Anemia is defined as a low level of hemoglobin in red blood cells. Iron in the hemoglobin molecule fixes oxygen in the lungs and releases it in the tissues where oxygen generates energy for the body. The major clinical symptom of anemia and iron deficiency is pallor and its physical symptom is fatigue resulting in reduced capacity to work.

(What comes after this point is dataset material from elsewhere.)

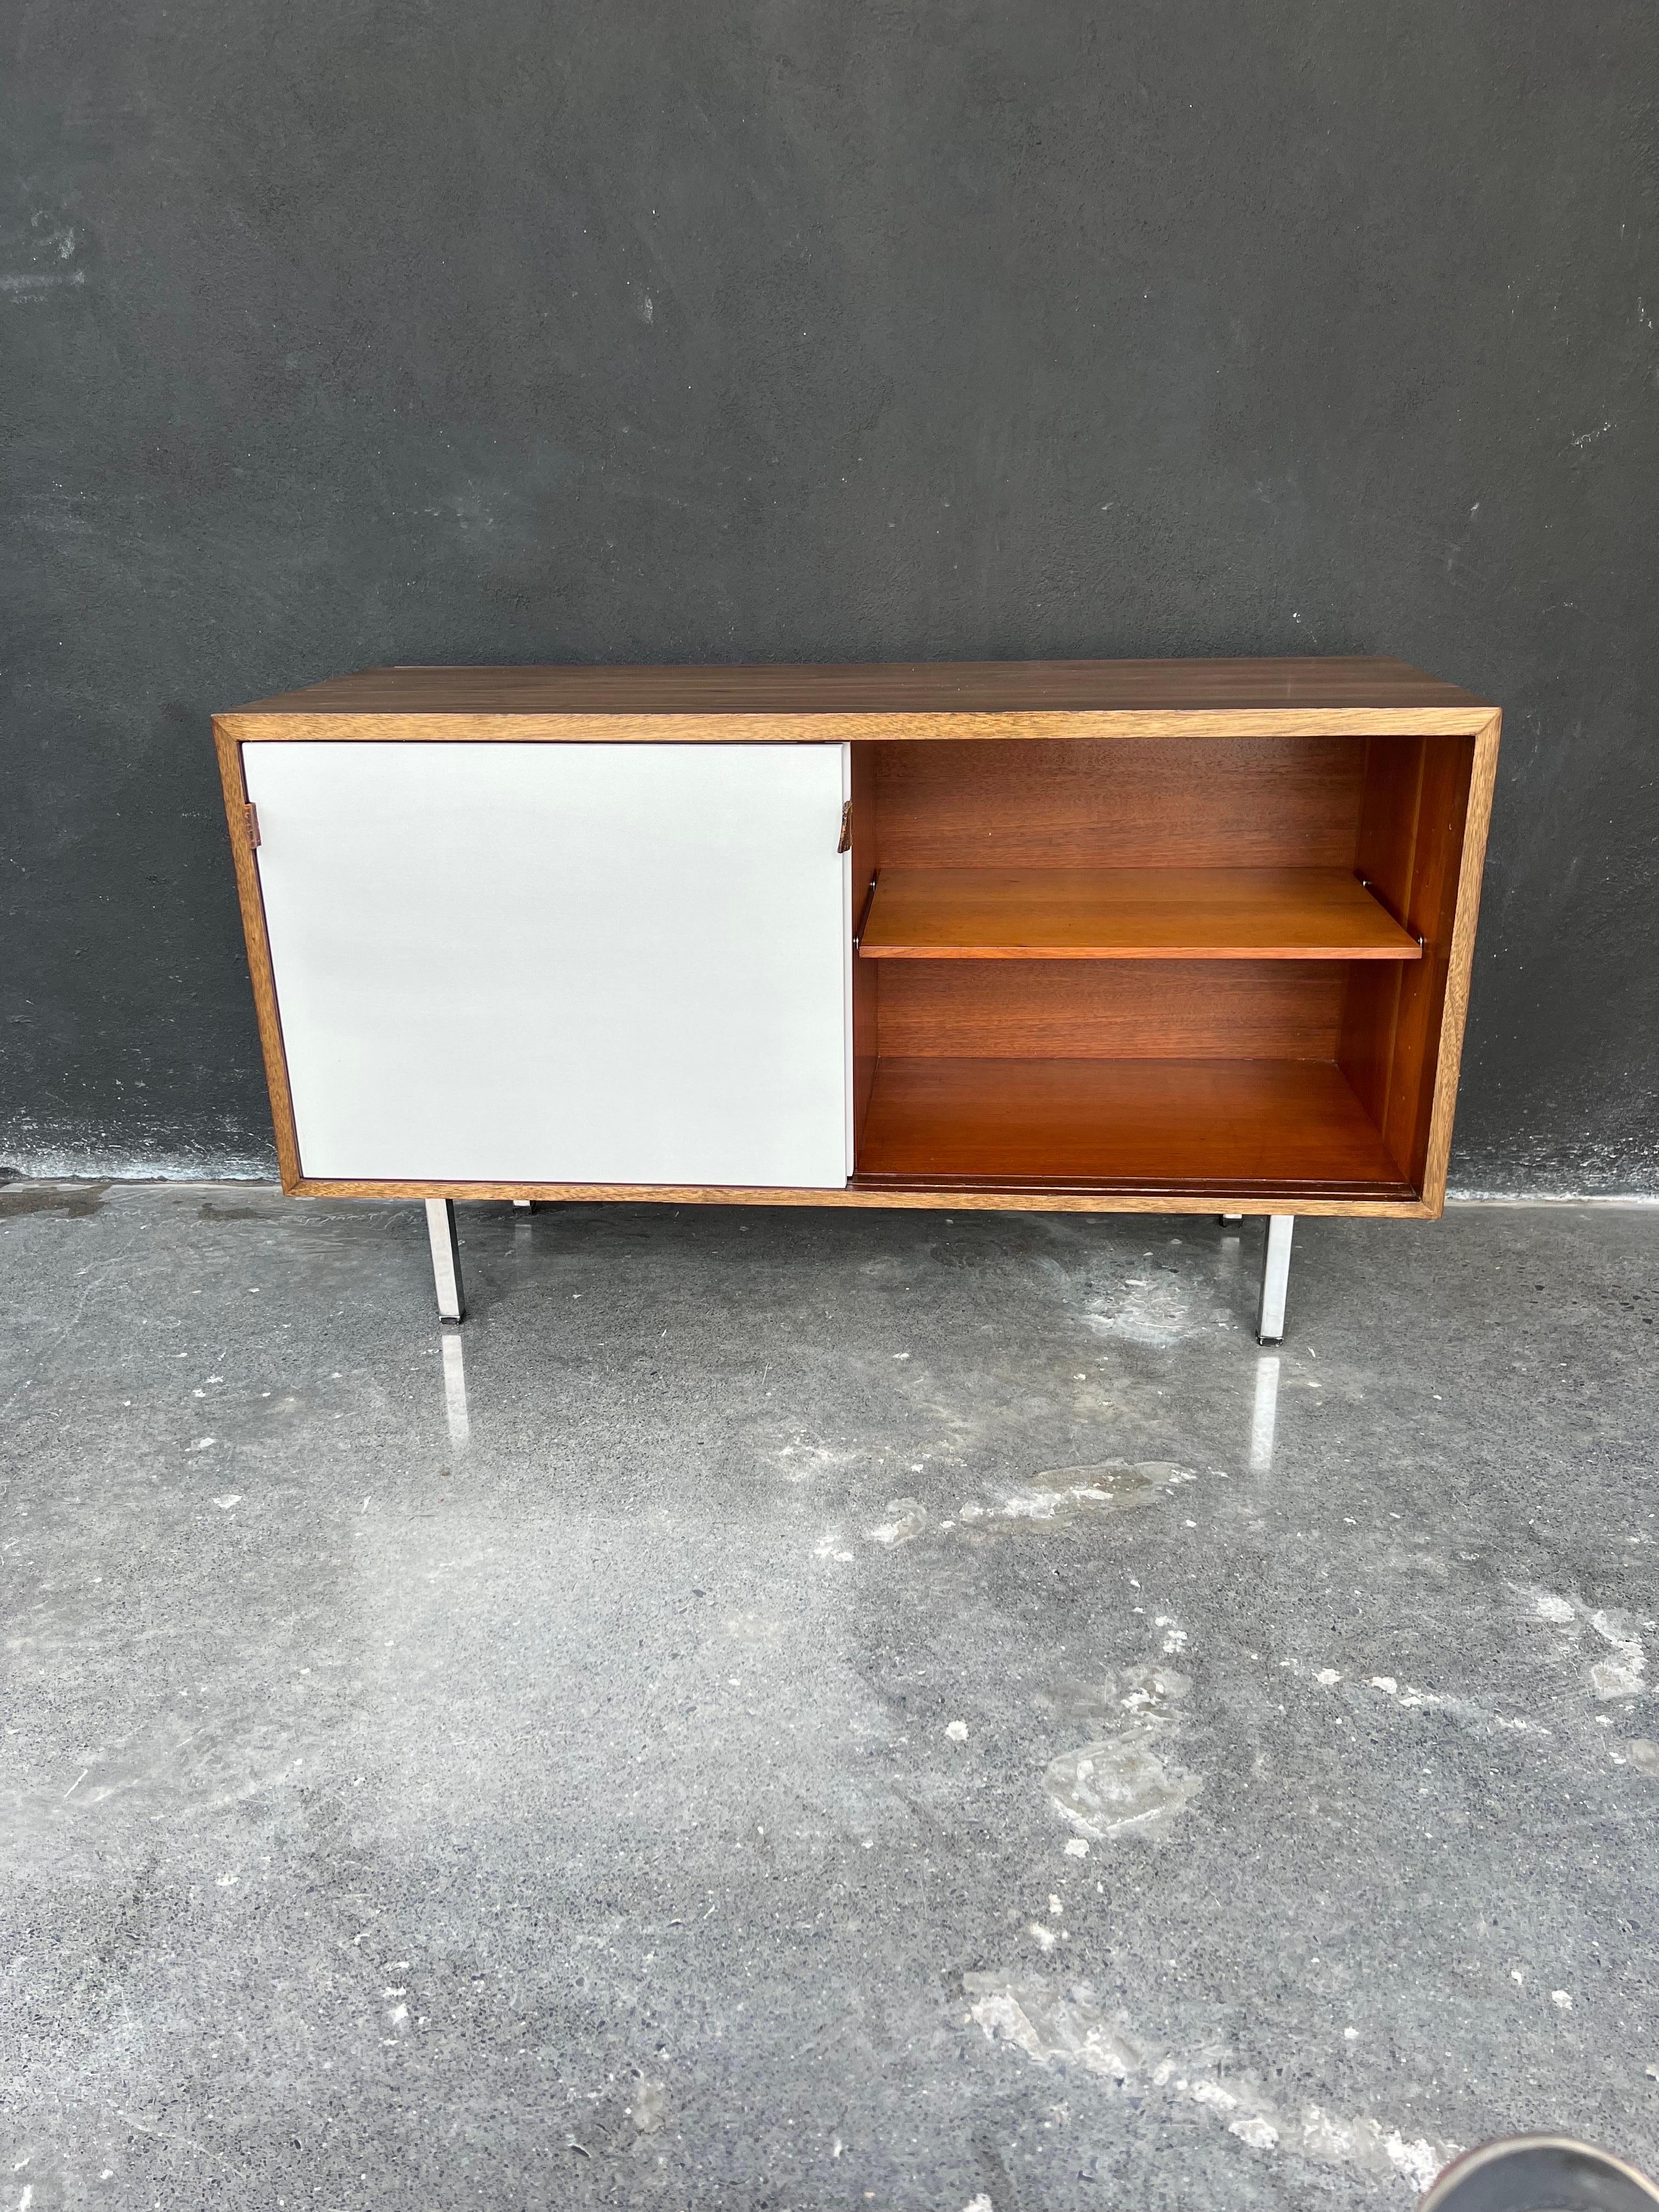 As part of the furniture of Cydsa (Celulosa y Derivados, S.A.) founded in 1945 in Mexico, credenza in walnut, with two shelves by side, restored on the outside and changing the colors of the two doors to give it that new cheerful touch, ready to be

There are three major causes of anemia:
insufficient red blood cell production due to inadequate intake or poor utilization of dietary iron (due to poor diet and helminth infections);
excessive red blood cell destruction due to malaria which displaces hemoglobin and prevents the transport of oxygen to the tissues;
excessive red blood cell loss due to helminth infections (mainly hookworm and schistosomiasis and in some cases trichuriasis) leading to iron deficiency, and blood loss in women during their reproductive years.
Other significant causes of anemia include nutritional deficiencies other than iron deficiency (i.e. folic acid, vitamins A and B-12), genetic conditions (e.g. thalassemia in parts of the Mediterranean, sickle
cell in Africa), factors related to reproduction (e.g. high fertility, obstetric complications, contraceptives or practices that increase blood loss such as not breastfeeding), and infections (e.g. HIV/AIDS, tuberculosis, diarrhea) that increase requirements for iron and other micronutrients.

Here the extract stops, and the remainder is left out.